[a-d-c] Long delay before cloud dispatcher starts jobs on playground
This workflow wants 100 parallel jobs running the same code over different date.
There are two separate runs shown in the Prometheus graph below:
The timeline is (all times UTC):
19:24 First run submitted with requirements for 100 x 4 core nodes - https://workbench.qr1hi.arvadosapi.com/container_requests/qr1hi-xvhdp-ctw1t6m8z718emc
19:41 17 nodes with 4 cores each started
19:57 Workflow canceled
19:57 75 nodes idle
19:58 Second run submitted with edited run time requirements for 100 x 2 core nodes - https://workbench.qr1hi.arvadosapi.com/container_requests/qr1hi-xvhdp-2ry6g3l031wlygu
20:00 71 nodes idle from 1st cancelled workflow
20:03 1 node busy, 0 nodes idle
20:26 1st node child container started
20:31 2nd node for child container start
20:36 39 nodes booting for child containers
20:40 another 22 nodes start booting
20:46 final 7 nodes start booting
20:55 All 100 containers finally running
The 26 queued containers are some secondary artifact left over from the first cancelled run.

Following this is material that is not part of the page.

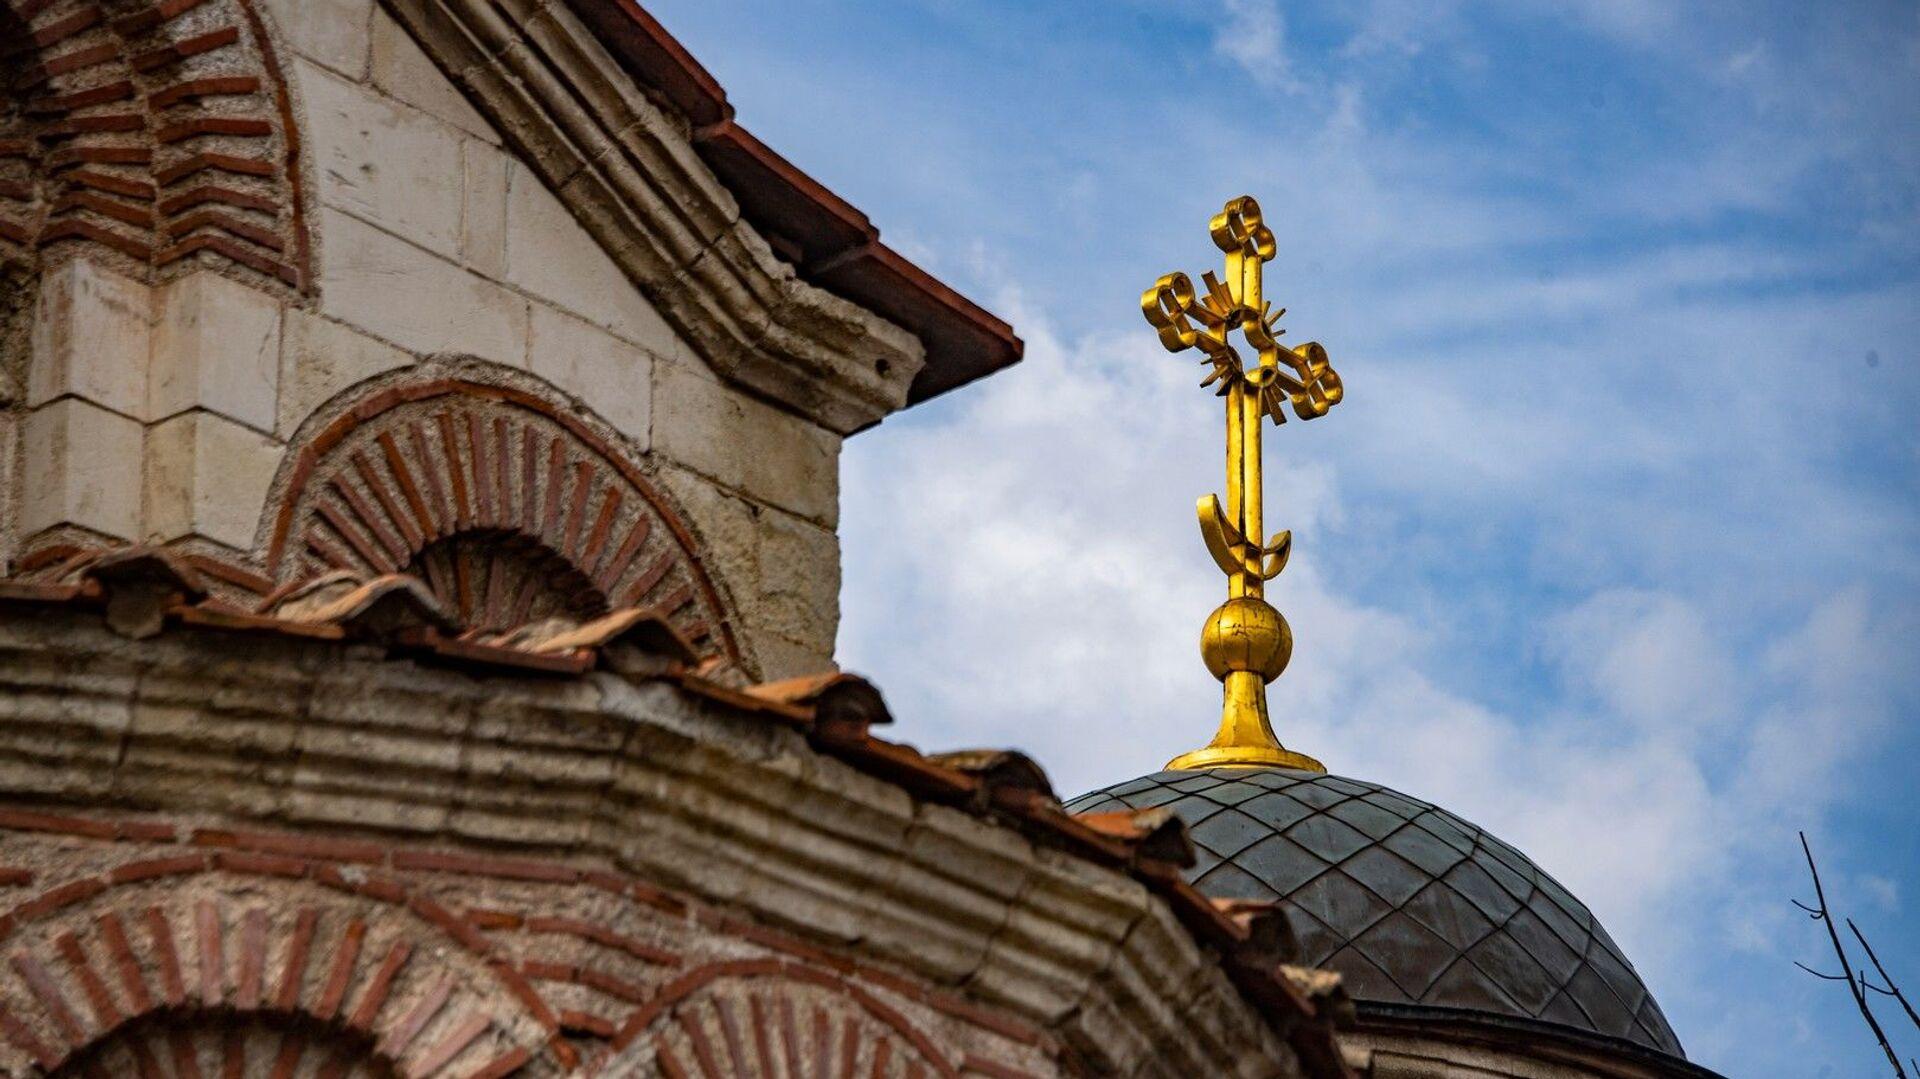 Храм Святого Иоанна Предтечи в Керчи - РИА Новости, 1920, 25.09.2021
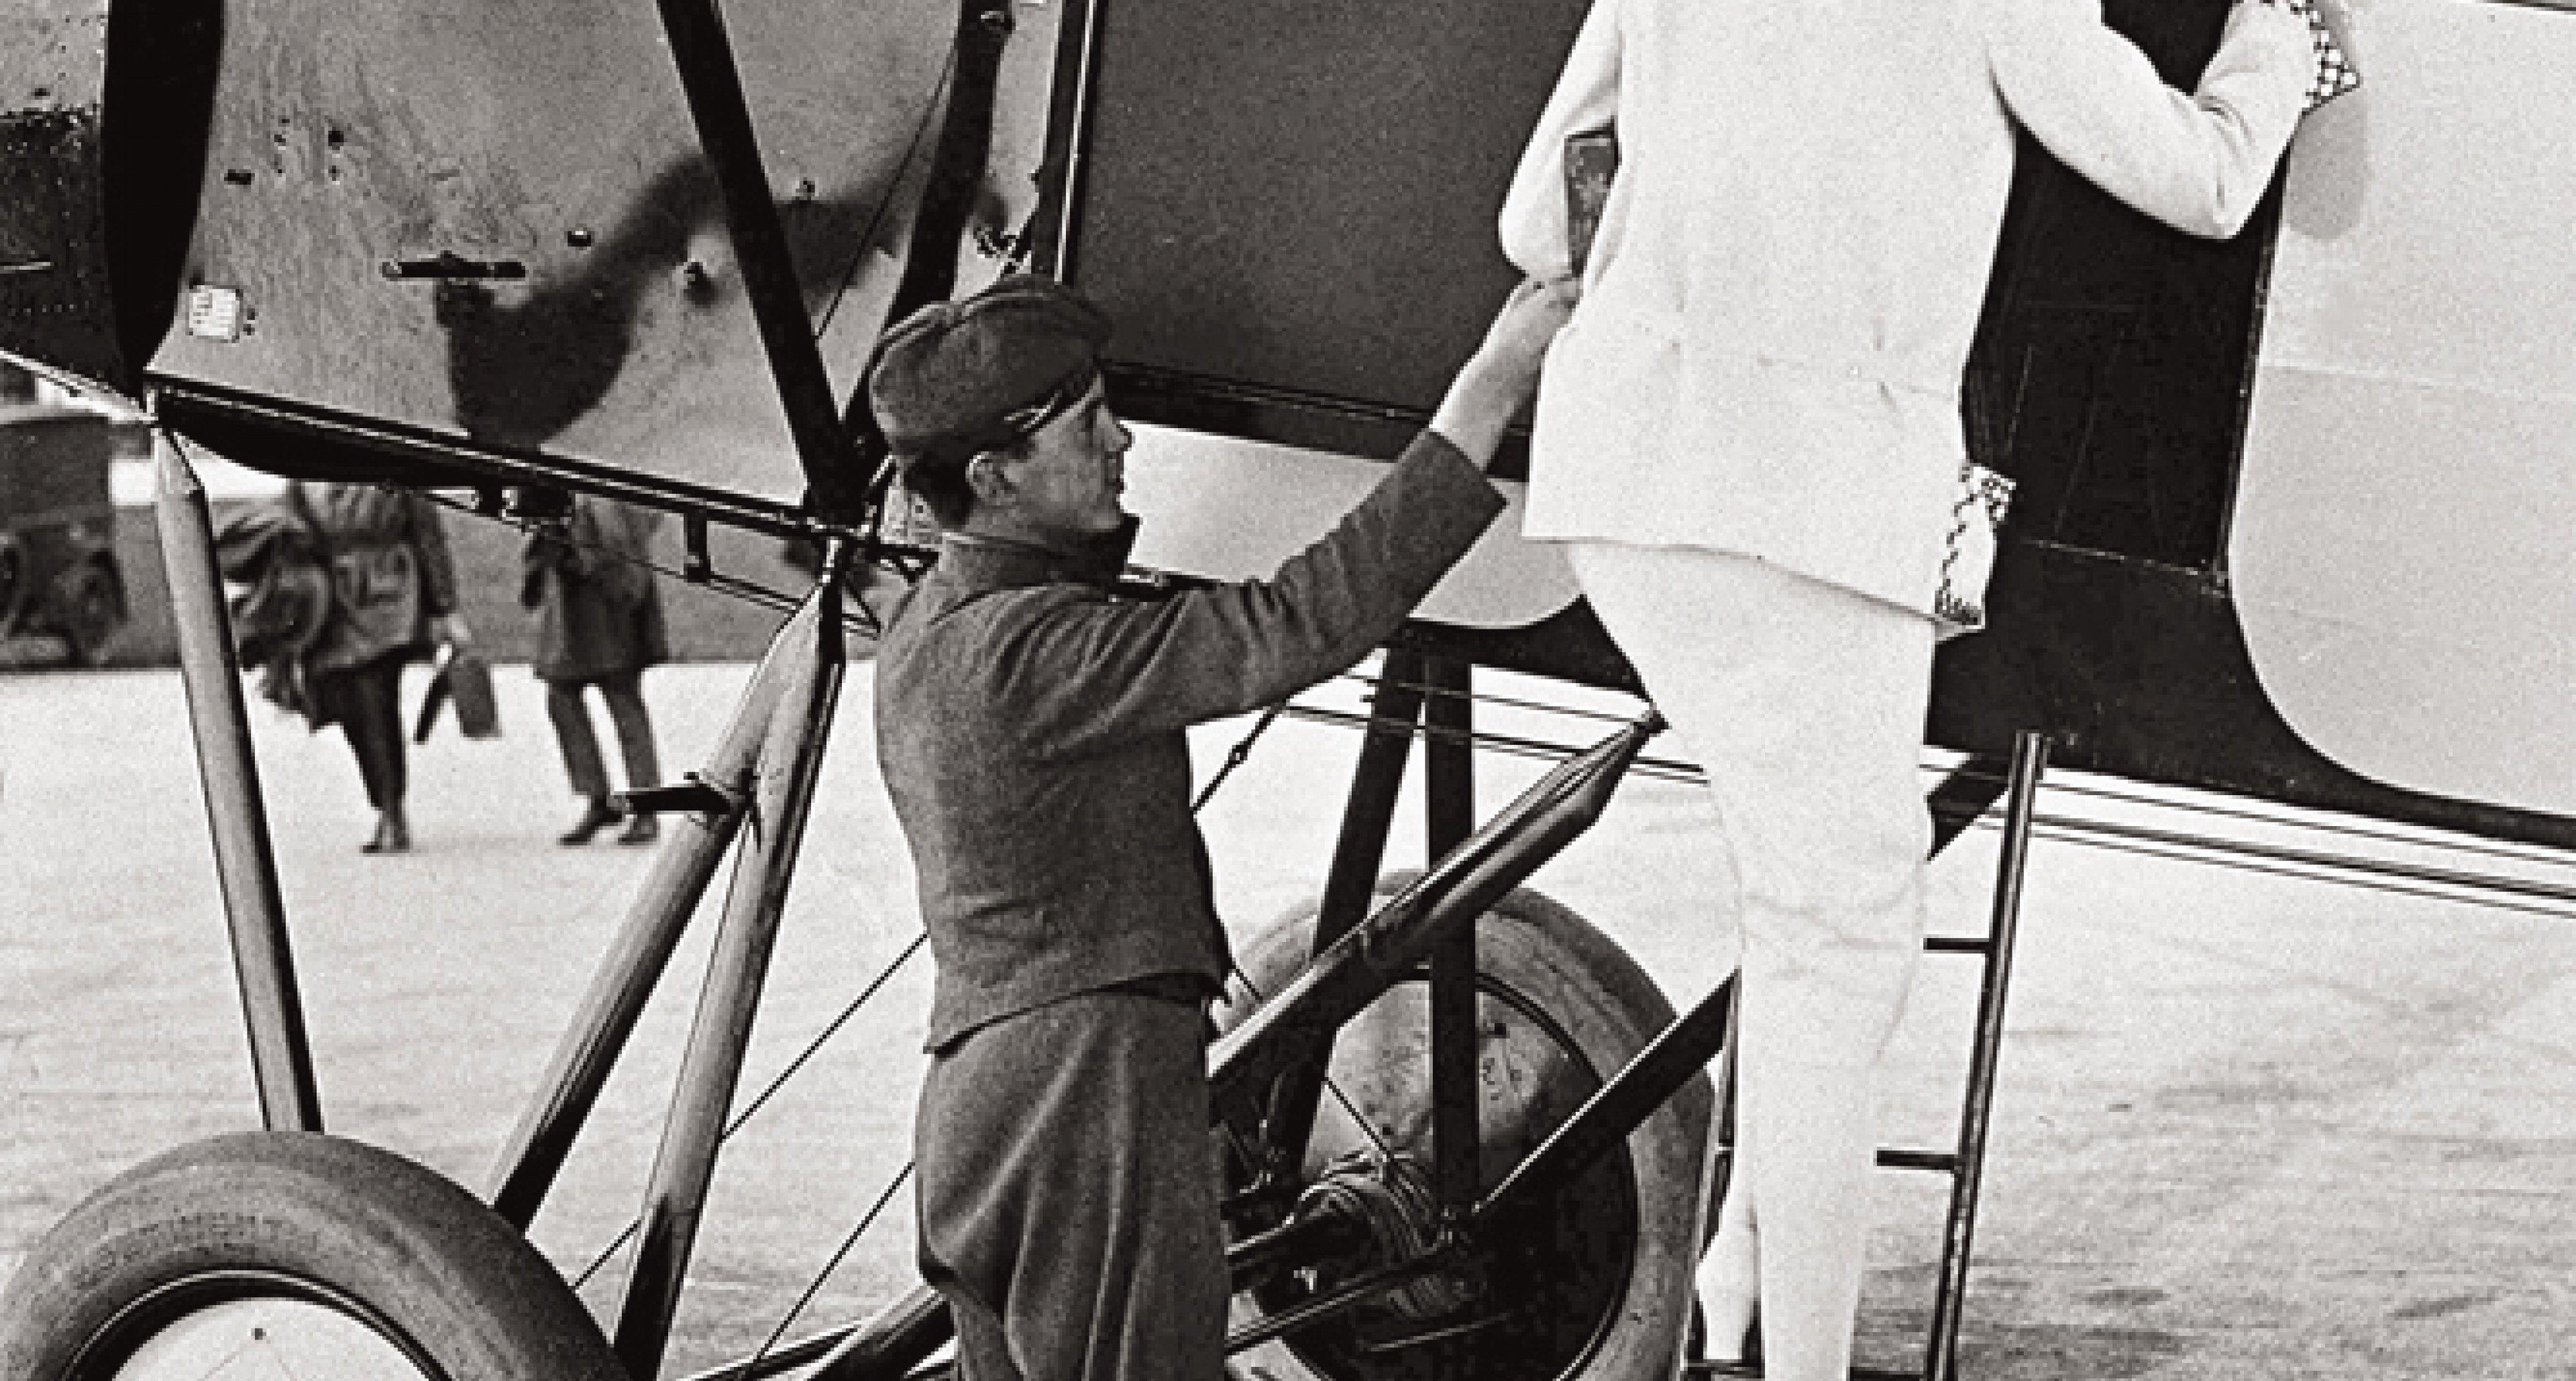 Woman boarding a Luft Hansa propeller-driven plane in 1926. © courtesy Lufthansa Archive

Not sure it adds any additional info, but a run submitted over the weekend showed a normal startup profile with 120 nodes up and running within 15 minutes:
https://workbench.qr1hi.arvadosapi.com/container_requests/qr1hi-xvhdp-o40xgjibykcsqmk (it failed later for an unrelated reason)
During the dead zone (20:00 to 20:36) containers are locked but no nodes are booting. It seems like arvados-dispatch-cloud isn't able to start new nodes. Errors would have been logged, but logs from that time are already deleted.
Config has MaxCloudOpsPerSecond=1. That seems low, but not low enough to cause starvation.